Несмотря на некоторую напыщенность такого стиля, жительницы Женевы обладают живостью и привлекательностью, и сильных страстей тут, наверно, не меньше, чем в какой-нибудь столице мира. Простота уборов лишь подчеркивает их грацию и хороший вкус; хороший вкус сказывается и в их разговорах, и в их манерах; так как мужчины здесь менее галантны, чем нежны, то женщины менее кокетливы, чем чувствительны, и эта чувствительность придает даже самым порядочным женщинам приятный и тонкий склад ума — мысли их идут от сердца и в том черпают тонкость. Пока жительницы Женевы останутся самими собою, они будут милейшими женщинами во всей Европе; но в скором времени они пожелают сделаться француженками, и тогда француженки будут милее их.

Итак, все портится при порче нравов. Самый лучший вкус зависит от добродетели: исчезнет она — пропадет и он, уступив место искусственным, изощренным вычурам, порожденным модой. Почти так же обстоит дело и с подлинным умом. Ведь именно скромность, присущая нашему полу, вынуждает нас прибегать к тонким уловкам, чтобы оттолкнуть заигрывание мужчин, и если им нужно обладать искусством заставить слушать себя, нам нужно не меньше искусства для того, чтобы их не слышать. Разве это не верно? Разве не сами они развивают в женщинах бойкость ума, так что у нас развязывается язык и мы за словом в карман не полезем? И не сами ли они вынуждают нас смеяться над ними? Ведь, что ни говори, а некоторая лукавая кокетливость куда больше сбивает с толку вздыхателей, чем безмолвие и презрение. И до чего ж приятно видеть, как обескураженный Селадон приходит в волнение, смущение, теряется при каждом нашем насмешливом ответе; до чего же приятно отбиваться от вздыхателей стрелами, не столь жгучими, как стрелы любви, но зато более острыми, или же осыпать их колкостями, тем паче язвительными, что они холодны как лед и замораживают поклонников.

А ты-то сама! Как будто не понимаешь ничего, но разве в твоих простодушных и ласковых манерах, в твоем робком и кротком виде таится меньше хитрости и тонкого кокетства, чем во всех моих проказах? Честное слово, милочка, если посчитать, кто из нас сколько поклонников высмеял, сомневаюсь, чтобы ты при всех твоих лицемерных повадках отстала от меня. До сих пор еще я не могу удержаться от смеха, как вспомню беднягу Конфлана — он прибегал такой возмущенный и в ярости корил меня за то, что ты с ним слишком любезна. «Она такая ласковая, — говорил он. — Право, мне не на что и жаловаться! Она говорит со мною так рассудительно, что мне стыдно отвечать ей в ином тоне; и я нашел в ней такого прекрасного друга, что не смею выступать в роли вздыхателя».

Не думаю, чтобы где-нибудь в мире нашлись более согласные, более дружные супружеские пары, чем в этом городе; семейная жизнь здесь приятна и сладостна; здесь можно встретить любезных мужей и женщин почти таких же, как Юлия. Твоя система здесь очень хорошо оправдывается. При разделении полов в трудах и в утехах мужчины и женщины выигрывают во всех отношениях, ибо тогда они друг другу не надоедают, и тем приятнее им бывает видеться. Мудрец всегда таким образом изощряет удовольствие; воздерживайся, чтобы наслаждаться, — вот твоя философия; это разумный эпикуреизм.

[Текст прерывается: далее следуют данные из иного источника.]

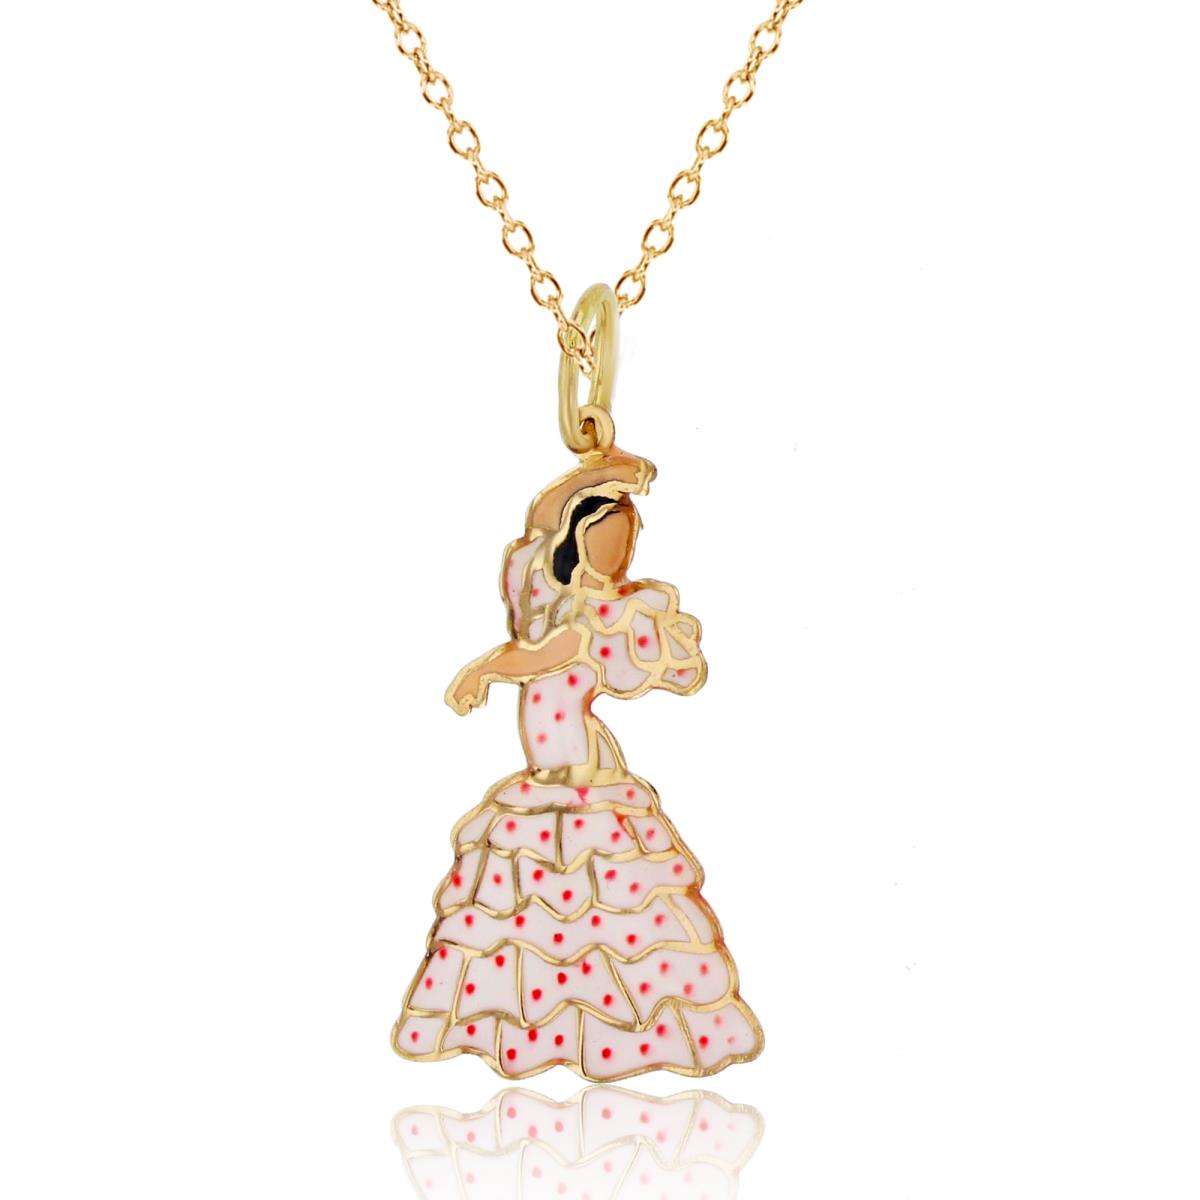 14K Yellow Gold Spanish Dancer 18" 020 Rolo Necklace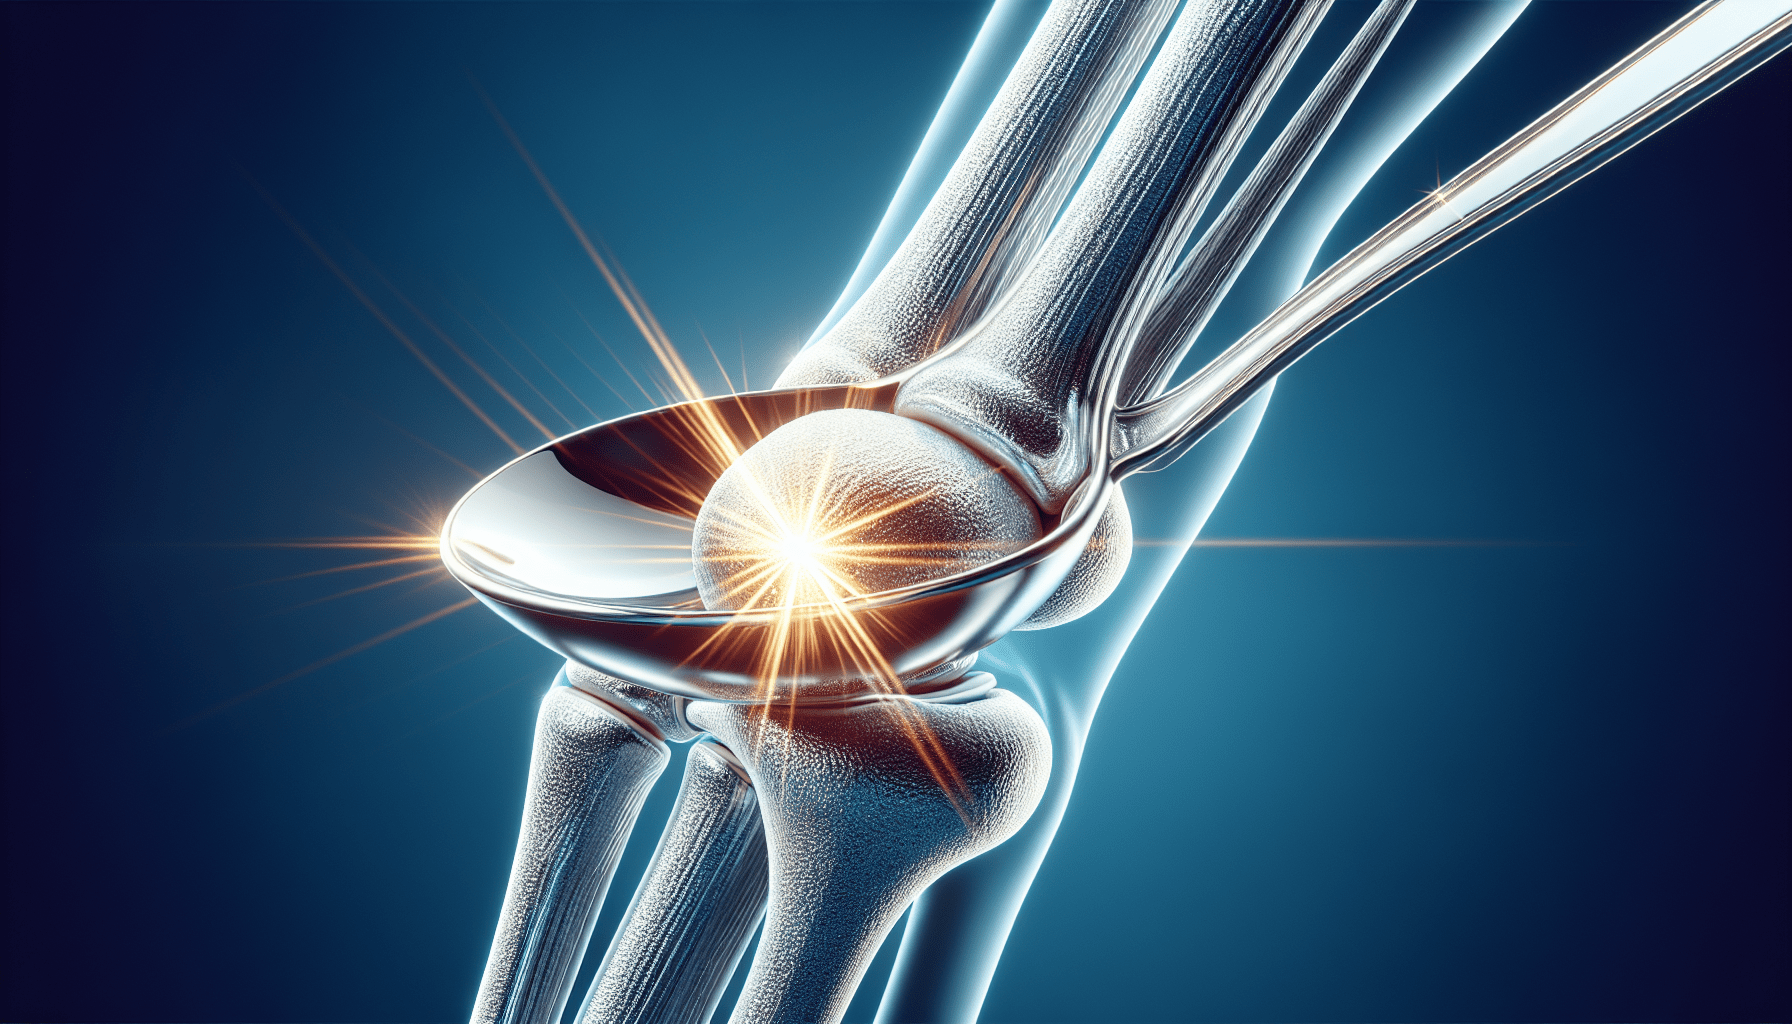 Can Arthritis Be Cleaned Out Of A Joint?

К сожалению, старинная скромность приходит в упадок; ныне мужчины и женщины встречаются чаще, а сердца их друг от друга удаляются. Здесь, так же как и у нас, во всем перемешаны добро и зло, но в иных размерах. Женевец сам себе обязан своими добродетелями, а пороки приходят к нему извне. Он много путешествует, легко перенимает нравы и повадки других народов; он с легкостью говорит на всех языках; без труда усваивает любое произношение, хотя у самих женевцев очень заметный медлительный выговор, особенно у женщин, кои путешествуют меньше, чем мужчины. Женевец больше смущается малыми размерами своего государства, нежели гордится своей свободой, и в чужой стране стыдится своей родины; он, так сказать, спешит натурализоваться в том краю, где поселился, и словно хочет предать забвению родной край; быть может, столь недостойному стыду способствует дурная слава стяжателей, коей пользуются женевцы. Конечно, стереть своим бескорыстием позор, запятнавший имя «женевец», было бы куда лучше, чем еще больше унижать это имя боязнью носить его, но женевец презирает его, даже когда делает его достойным уважения; и на нем лежит еще большая вина: он не чтит по достоинству свою родину.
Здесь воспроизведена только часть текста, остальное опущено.